Although the listing below holds pictures, reproduce only its lines from the one containing "Soda pulpe orange" through the last, exactly and without them.

### GIVEN INFORMATION
________________________

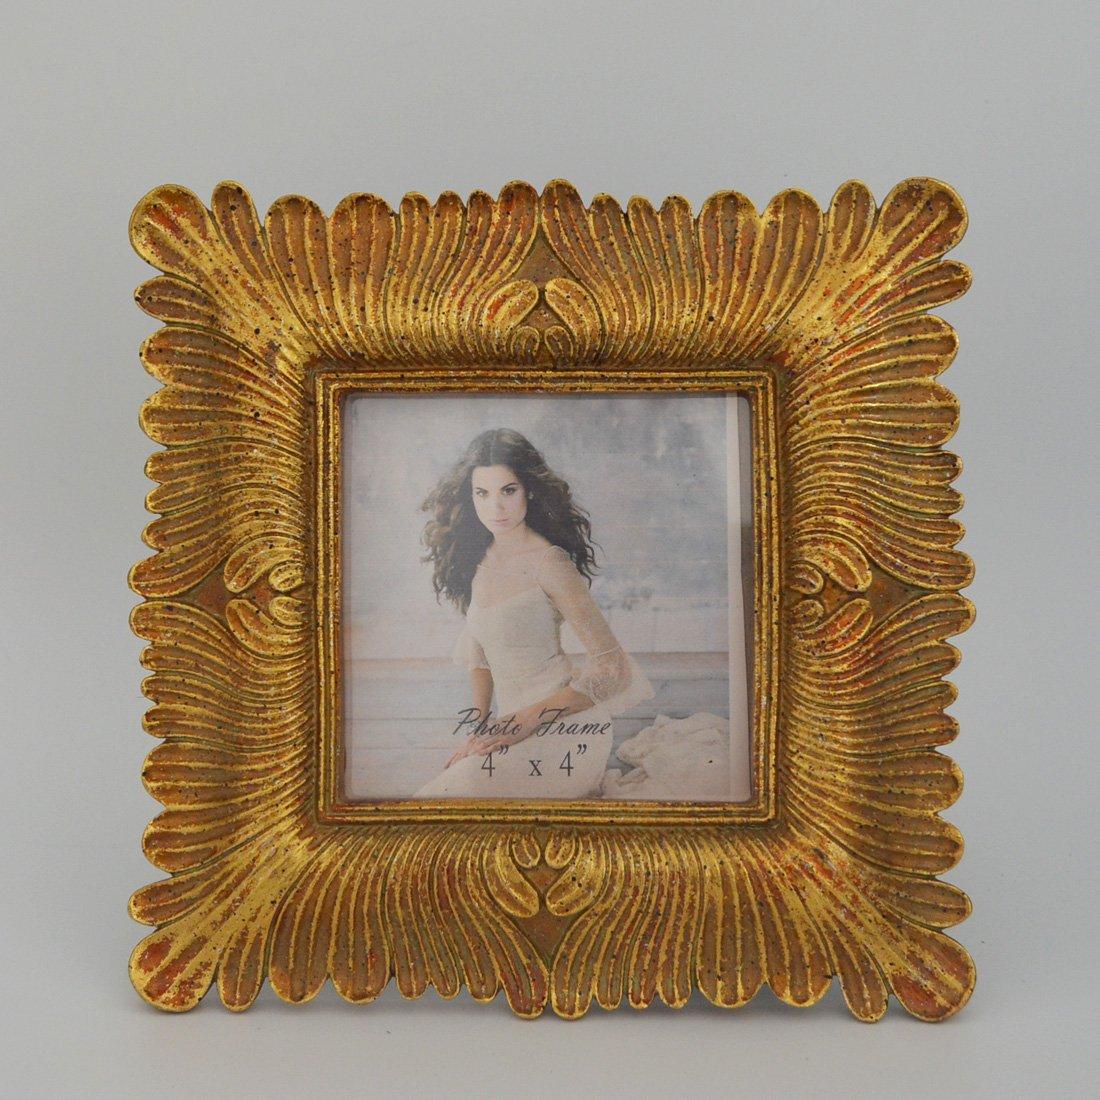 Amazon.de: Giftgarden Bilderrahmen gold Vintage quadratisch klein ...
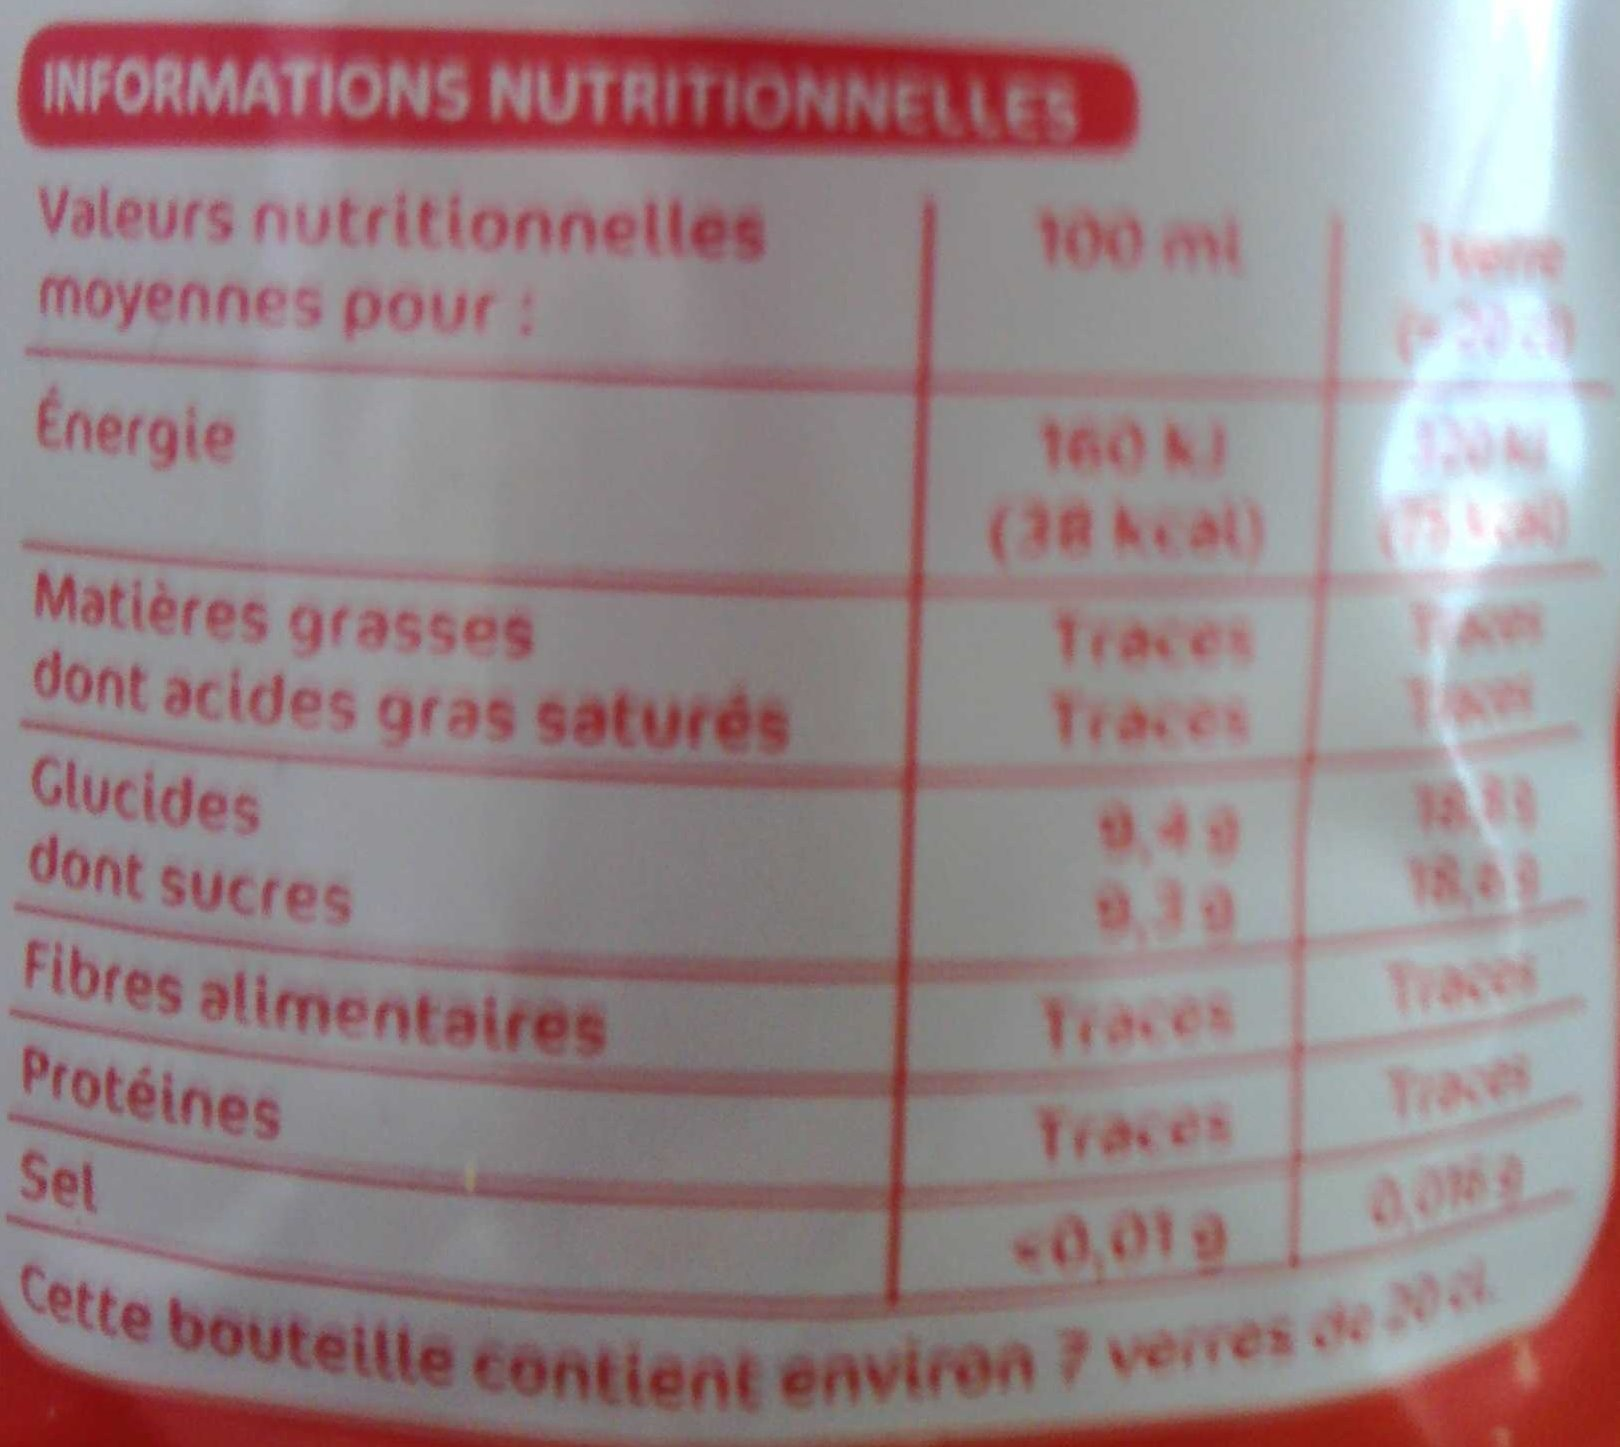 Soda pulpe orange sanguine - Nutrition facts - fr
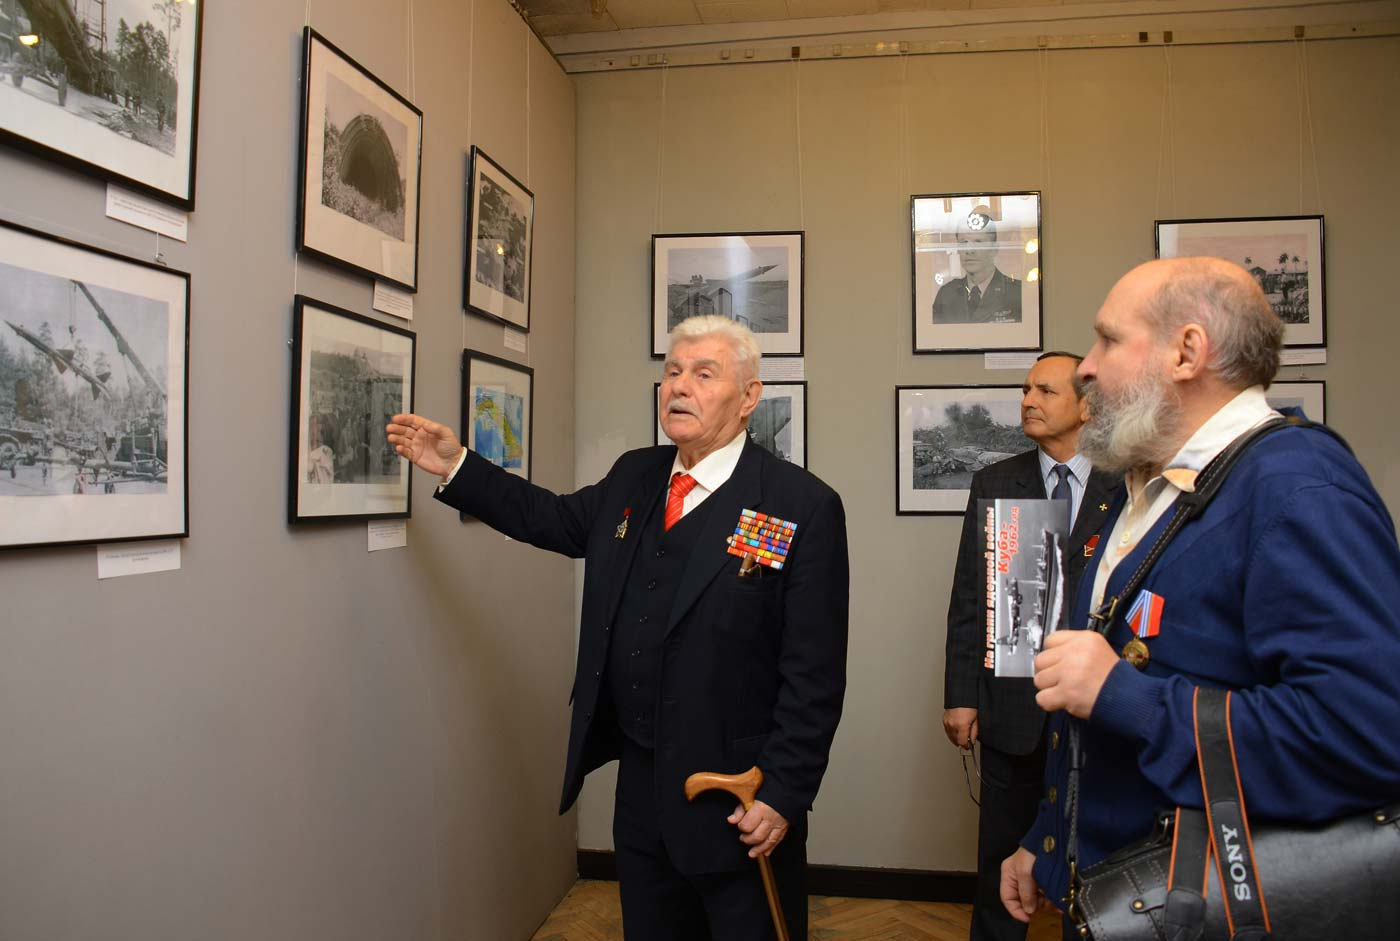 2016-10-27. Снимки от организаторов выставки. Фото 3
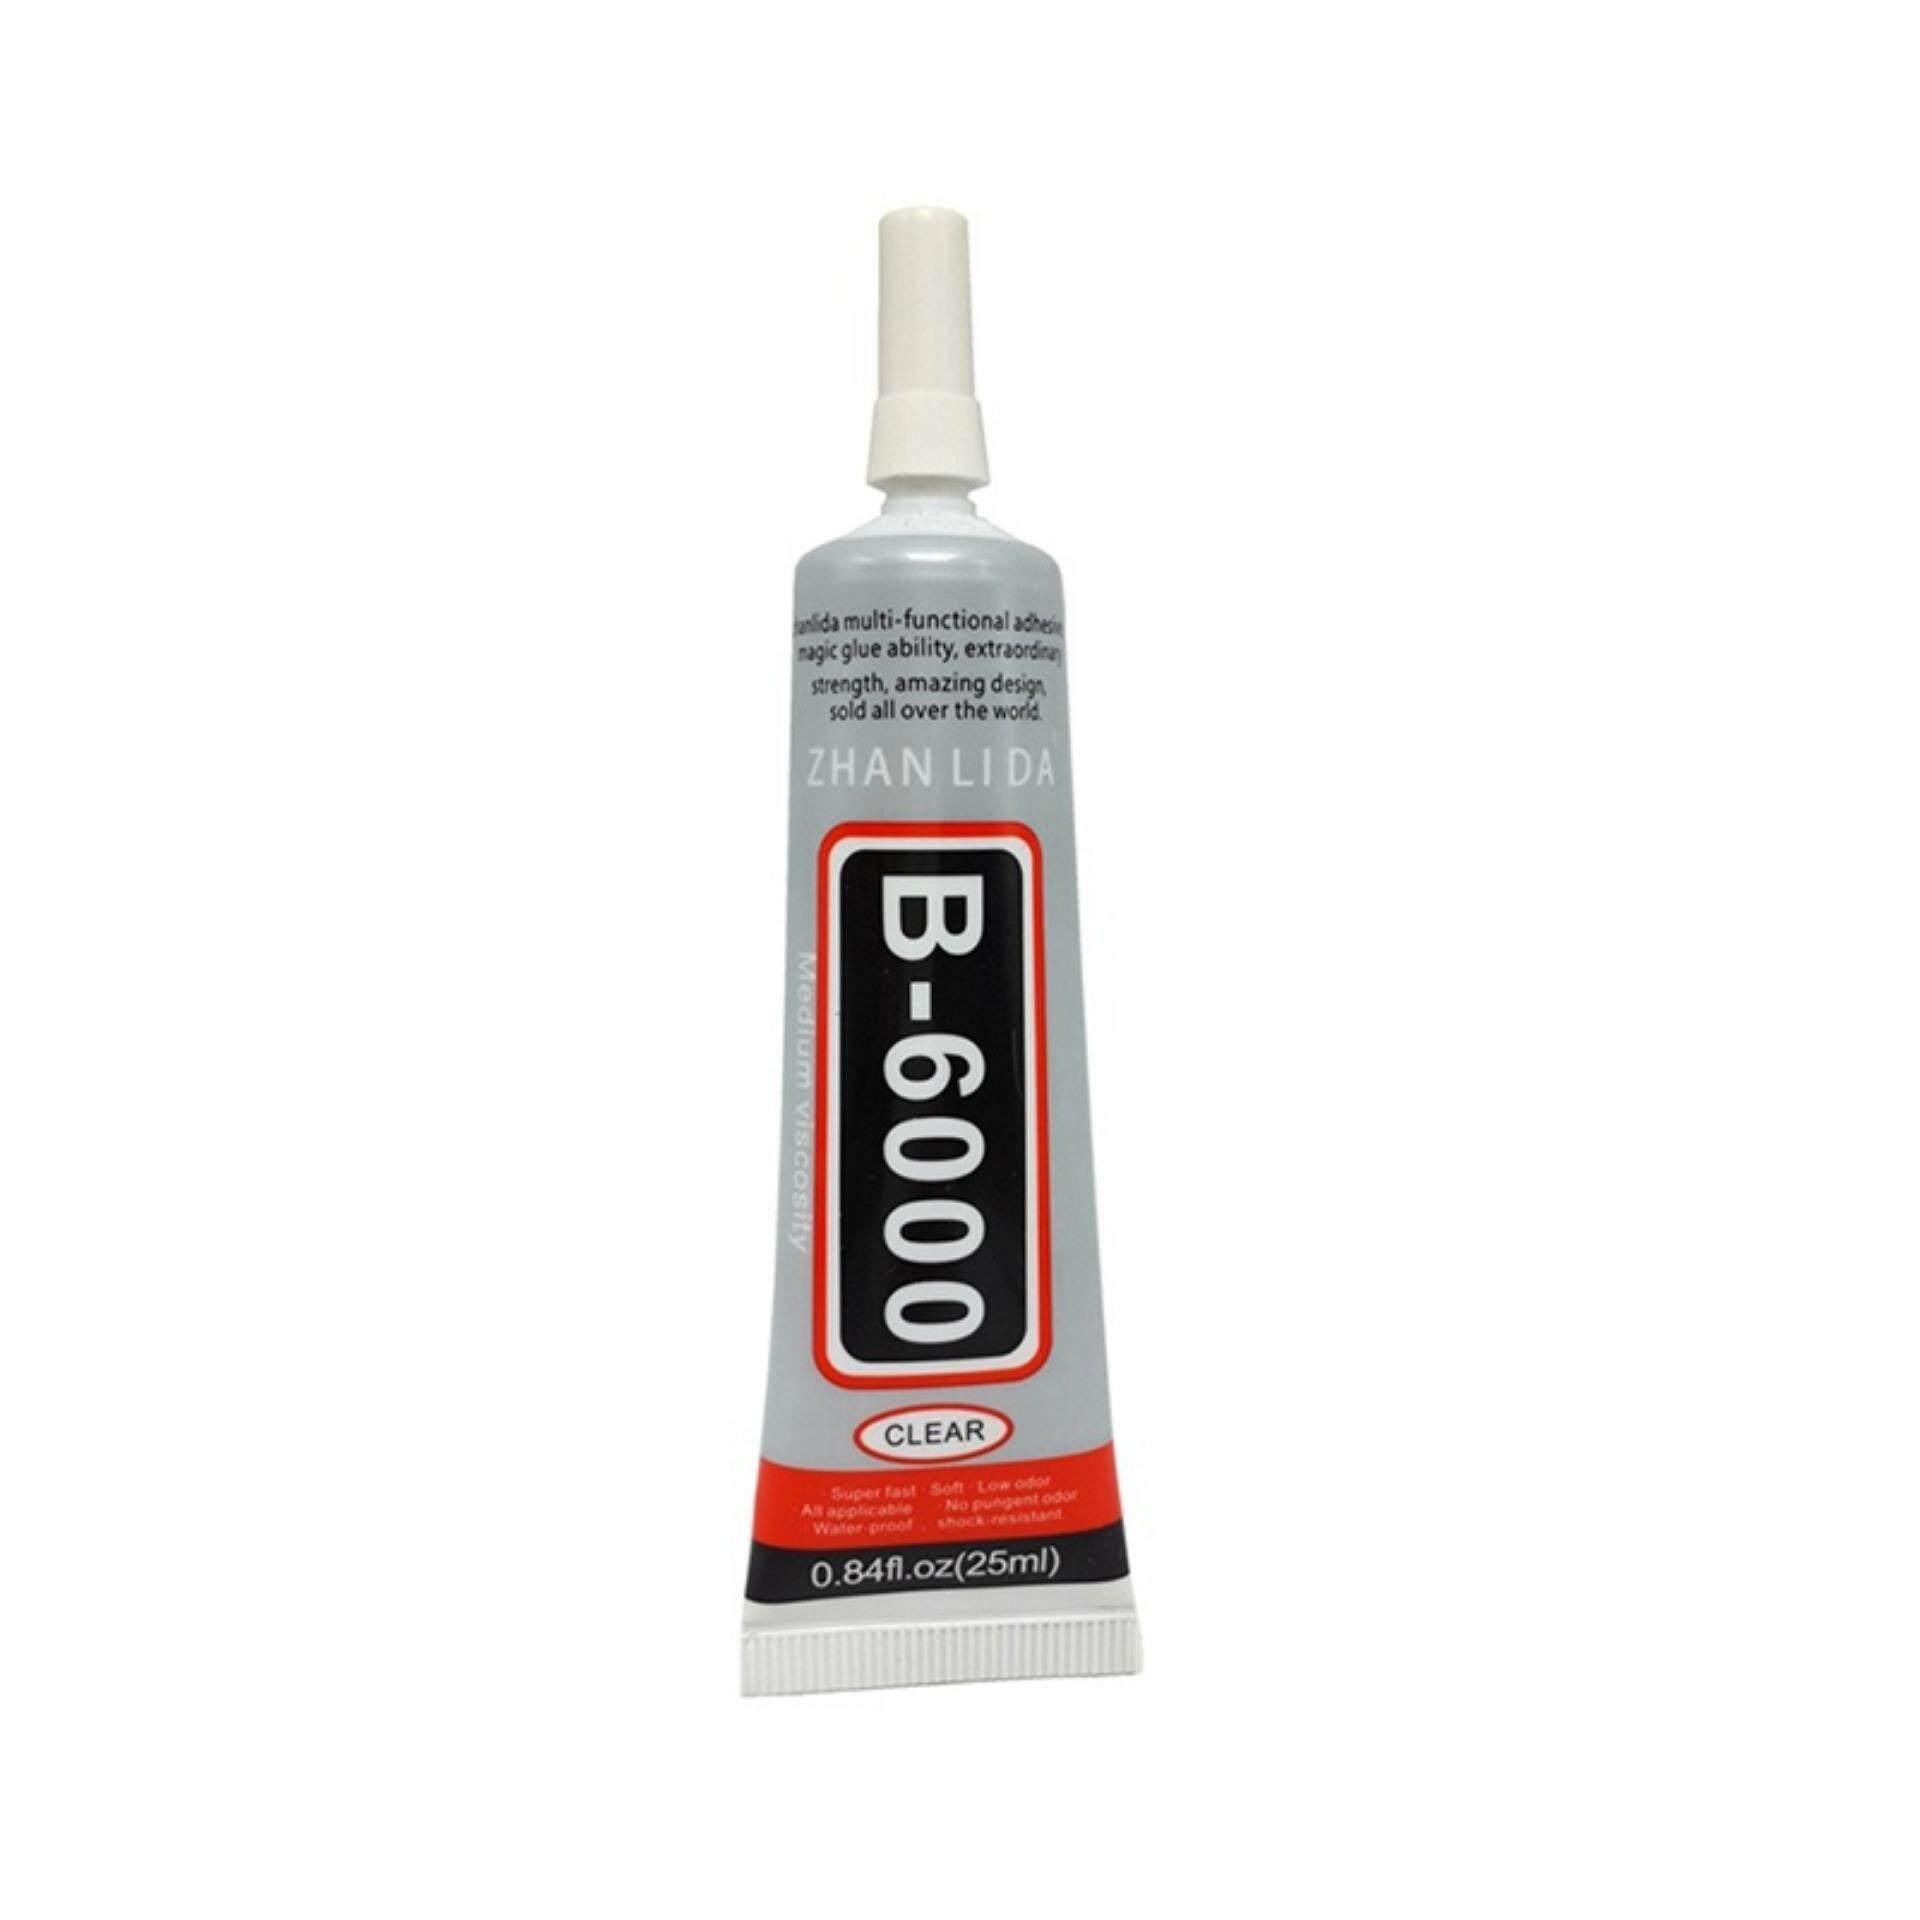 Mua E6000 Waterproof Industrial Strength Glue Adhesive Jewelry Nails Glue Clear 25ml

________________________

### RESPONSE TO THE EXERCISE
 Soda pulpe orange sanguine - Nutrition facts - fr
 2016-10-27. Снимки от организаторов выставки. Фото 3
 Mua E6000 Waterproof Industrial Strength Glue Adhesive Jewelry Nails Glue Clear 25ml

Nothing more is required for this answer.